A Decade of Distance

This morning, I received a text from my brother hinting at something new on the horizon. I responded immediately, expressing my excitement and confidence that everything would work out.

After thirteen years apart, things feel like they are shifting again. He is moving into the next phase of his life just as I am moving into the next phase of mine. That’s simply our story — a decade of distance.

Image Courtesy of Ria Pai

The distance spanned miles between us at various family dinners over the years. Across the dining table, I watched him intently, mimicking his mannerisms, ordering a disgustingly fizzy Coke, and hoping he’d ask me to split whatever indulgent entree he thought sounded best. Most of the time, he merely offered narrowing glares and gestures indicating that, when we got home, he would beat me up or push me down or put me to bed playing Eminem’s Kill You as a lullaby. The epitome of a nurturing older brother.

Image Courtesy of Ria Pai

Very rarely, but every once in a while, silence filled the distance.

“I love you.
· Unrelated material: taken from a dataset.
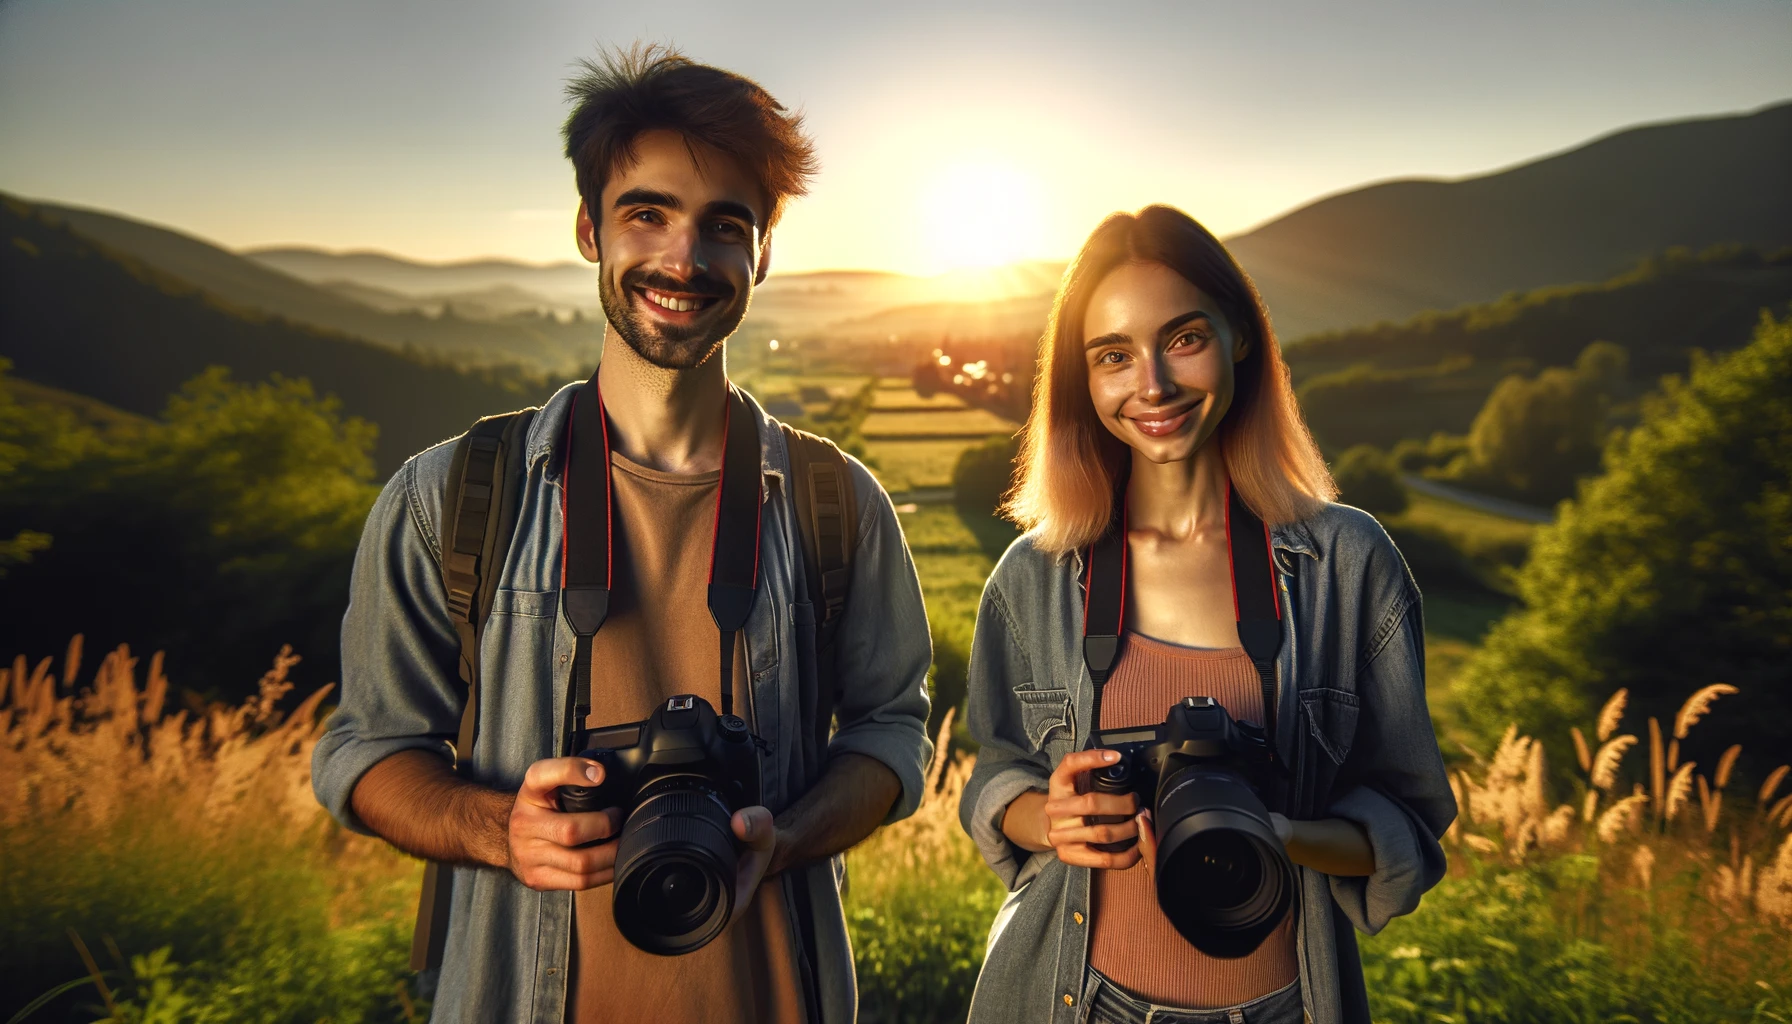 Photographes débutants de type caucasien et guadeloupéen, tenant des appareils photo DSLR, debout dans un paysage pittoresque lors de l'heure dorée, avec un ciel clair, des rayons de soleil chaleureux, une végétation luxuriante et une chaîne de montagnes en arrière-plan.

But this can ruin your life if you let it. When you go to college, mommy and daddy won’t be there to help you.”

I sat quietly, at a loss for words. He was right and, more shockingly, he had noticed in the first place. When stories of mean girls and math tests are up against medical school and marriage, you begin refining the most childish parts of yourself to develop the maturity that makes ten years feel like a mere moment. You memorize all the diatomic elements at 6, learn to pour the perfect Guinness at 12, and discern when it might be better to stay silent than to speak, perhaps by 21. 

My brother is loud and boisterous and sometimes irritatingly vain. He talks a lot. But his voice changes perceptibly when he is really saying something. Usually, it comes in the form of a dimly-lit conversation at 2 a.m. It’s something direct, observant, seemingly casual. And it means the world.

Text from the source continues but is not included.